By the way, there should be 24 PUA codepoints in the 2005 standard instead of 14, according to the L2/06-394 "Update on GB 18030:2005" by Ken Lunde.
An interesting but sad example of this dialect split can be shown using the character U+20087 (𠂇), assigned to PUA codepoint U+E816 () in the mapping. Search engines like Google won't do normalization on PUA forms where several different sets of agreements exist, and you can see it from the search results.
Given that no browser implements gb18030 like that I don't see why we should change this. We could easily break those relying on these bytes mapping to PUA. I'm also somewhat reluctant to add a note, since as far as I can tell this is just someone's opinion and those maintaining gb18030 have not decided to care.
The GB18030 mapping is naturally fungible wrt PUA characters, since Unicode continues to encode Chinese code points. I think this should be recognized by Encoding.
I agree that we should not remove mapping of Unicode PUA -> GB18030 (compatibility). But the problem here is round-tripping of real Unicode code points with GB18030.
If I have a U+20087, convert it to GB18030, and the later reserialize the GB data as UTF-8, I will get back U+E816 rather than the original (and correct) code point. That's undesirable and a loss of information. The fact that existing implementations haven't caught up with standardization doesn't mean that we shouldn't make this change.
@annevk Under what circumstances would we change? One of the problems with establishing a standard is that implementations are trying hard to be compliant with it...
@aphillips what standard are we talking about? The standard for gb18030 has that loss of information and Encoding doesn't modify it (it does modify some other parts).
Given that no browser implements gb18030 like that I don't see why we should change this.
Newer Pan-CJK font families like Adobe's Source Han Sans (lead by @kenlunde) decide to go with Unicode instead of GB 10830-flavored Unicode.
I'm also somewhat reluctant to add a note, since as far as I can tell this is just someone's opinion
Dr. Ken "Someone" Lunde (again!) is among the editors of UAX 38 Unihan database, and has very extensive participation of many CJK-related standardization processes in Unicode.
and those maintaining gb18030 have not decided to care.
The Chinese SAC has decided not to care about a lot of things including their translations of ANSI C (GB/T 15272:1994, ISO/IEC 9899:1990) and UCS (GB 13000:2010, ISO/IEC 10646:2003). But this lag doesn't mean that the Chinese are not using newer revisions of the C language and Unicode. The same should apply to the UCS references in GB 18030:2005.
2016-09-12: Found out that W3C (well, that sounds impractical) has some rules regarding using PUA in i18n specs.

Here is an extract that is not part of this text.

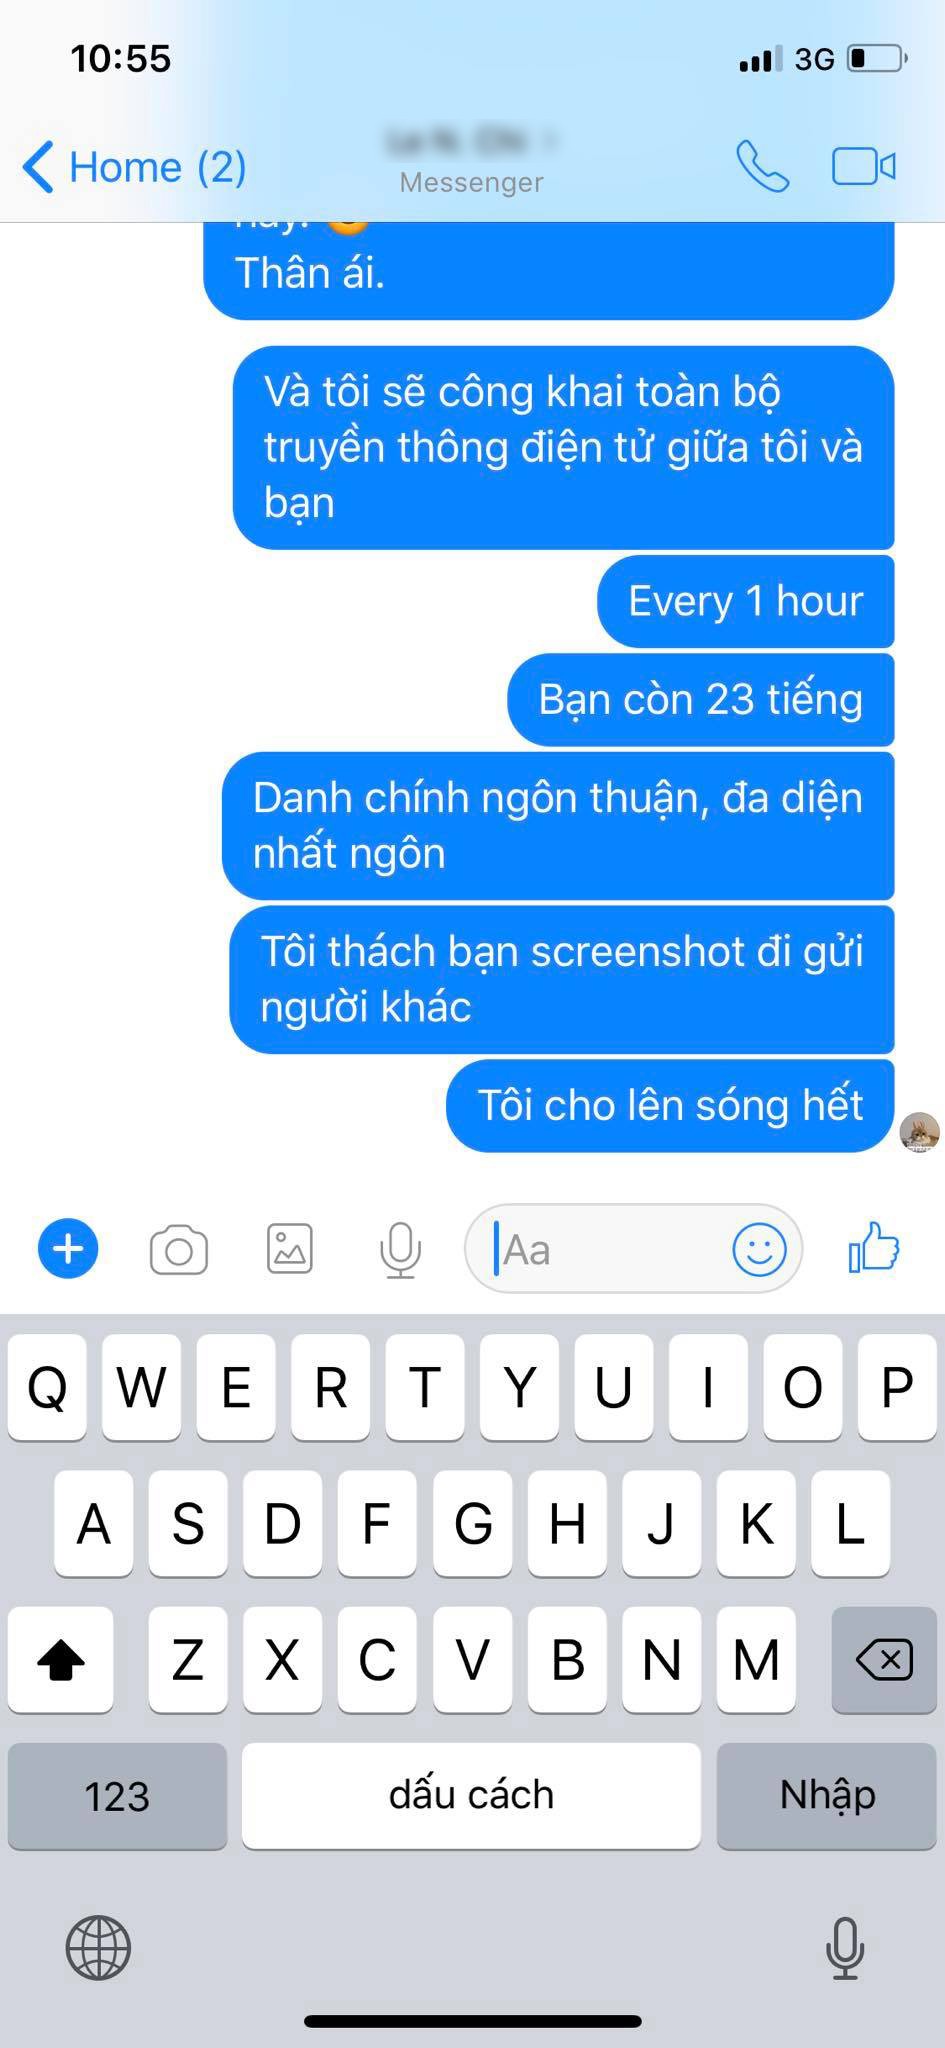 Rocker Nguyễn tung đoạn chat với admin HHSB thật: Chỉ trích và doạ trong 24h phải... giải quyết fanpage HHSB giả 3

@Artoria2e5: The reasons why Source Han Sans (and the Google-branded Noto Sans CJK) does not support the 24 PUA code points of GB 18030 are because 1) PUA code points should be avoided in general; 2) PUA code points should especially be avoided when mixing multiple standards, which is the case for Pan-CJK fonts; 3) a GB 18030 revision is expected to be published soon that will specify the non-PUA code points for these 24 characters, which will effectively lift the PUA requirement; 4) the 24 characters have had non-PUA code points for over a decade; and 5) the "release" branch of Source Han Sans includes a utf32-gb18030pua24.map file that provides the 24 PUA mappings for those developers who need support for these PUA code points.
PUA code points should especially be avoided when mixing multiple standards, which is the case for Pan-CJK fonts;
Hmm, I guess that an encoding spec for dealing with legacy encodings also falls into the scope of "mixing multiple standards". It looks like reasons 1–4 are on my side...
I guess if gb18030 is actually revised there is a chance web-focused implementations might want to change their mapping. If that happens and implementations indeed want to make a backwards incompatible change someone should raise a new issue.
This issue was raised by me last year-early this year in #22 (and https://www.w3.org/Bugs/Public/show_bug.cgi?id=28740#c1 ).
As I wrote there, the current mapping makes it impossible to display those characters involved [1] on some platforms (Android and Windows 10 [2]) when they're encoded in GB 18030 because there is NO font covering the corresponding PUA code points. This is one of the most serious consequences of the current mapping to me (besides other consequences mentioned earlier).
OTOH, if there are multiple fonts covering those PUA points with different interpretations, there's no easy way to pick the right one (if the only information at hand is code points) because the identify of a PUA code point is up to private parties and is indeterministic by definition.
( Needless to say, there'd be no such problem if UTF-8 is used with regular code points and we want everybody to use UTF-8 on the web. )
Given all these, removing any mapping to PUA code points (as long as there are regular Unicode characters) is desired.
As mentioned in #22, I initially thought that GB18030:2005 had fixed all these up (by 2005, all the characters originally mapped to PUA code points had been encoded in the Unicode) in a way similar to what's done for HKSCS. It turned out that that was not the case, which was rather disappointing. As a result (and 24 characters affected are rarely used - especially the U+FE1x) , the change for #22 was minimal (only one code point was fixed per GB18030:2005).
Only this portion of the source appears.